By DAVID MARTIN
Editor 

District enrollment is steady

 

September 13, 2017



The state of Sweetwater County School District No. 2 was discussed in a far-reaching presentation Tuesday night.

Superintendent Donna Little-Kaumo said enrollment trends throughout the district have remained stable during the past several years. As of Tuesday, the total number of students enrolled was 2,611, making the district the 10th largest in the state.

Of that group, Little-Kaumo said 17.5 percent are on an individual education plan, 2.2 percent are homeless, 3.2 percent have limited proficiency in English, 13.3 percent are involved in the Title 1 program, 7.2 percent are identified as gifted and 27.9 percent are eligible for free or reduced lunches.

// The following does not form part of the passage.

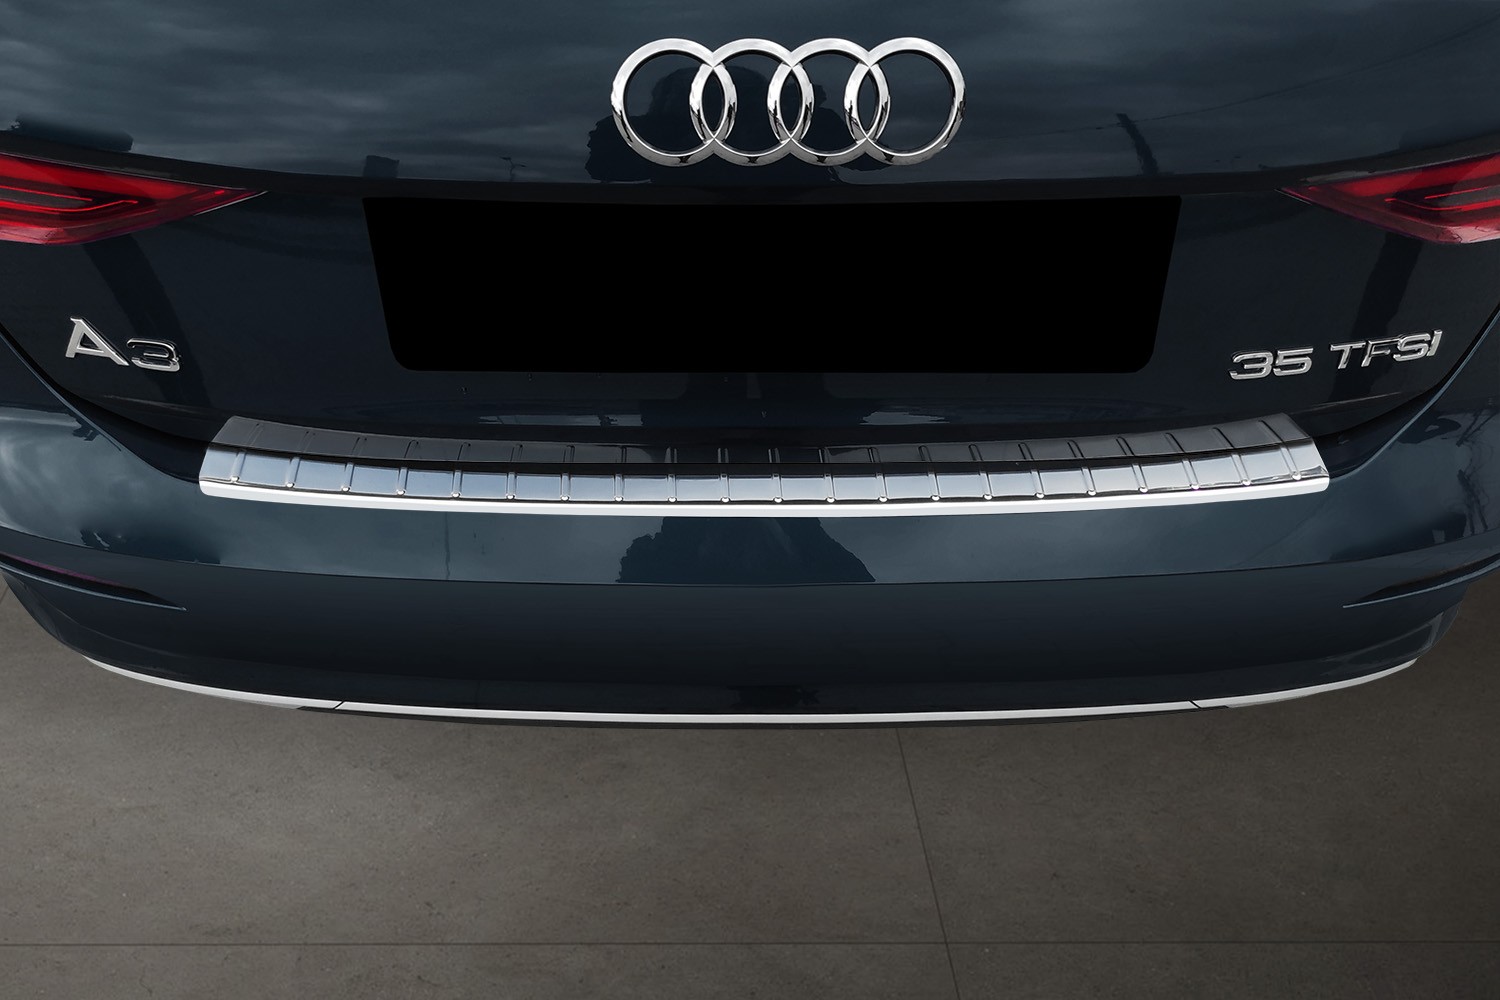 Audi A3 Bumper Flap  Interior Vehicle Protection

With the homeless statistic, Little-Kaumo said those students don’t fit the traditional definition of living on the street. Instead, Little-Kaumo said those students are typically in situations where they or their parents are living with relatives or are in situations where they don’t have a permanent home.


With special education, Little-Kaumo said parents in surrounding states are starting to look at Wyoming’s programs and are attracted to the 100 percent funding provided for special education, which means districts are seeing higher numbers of students qualifying for special education programs.

One area the district has shrunk is in the number of certified teachers it employs.

Little-Kaumo said the district has 230 teachers working, down from 248 during the 2016-2017 school year and 260 the previous school year.

Little-Kaumo said the district has closed positions and used internal moves to reduce headcount and avoid layoffs.

As a result, the average years of experience within the district has hovered between 13.94 years during the 2013-2014 year and 13.91 last year, with a dip to 13.47 years during the 2015-2016 year. Little-Kaumo said the jump last year correlated to a larger nationwide teacher shortage. Little-Kaumo said some younger teachers end up leaving the profession after an average of five years. However, another problem facing Wyoming specifically is increasing wages found in states neighboring Wyoming. She said larger communities and more services attract younger teachers and suggests the district investigate ways of retaining teachers they already have.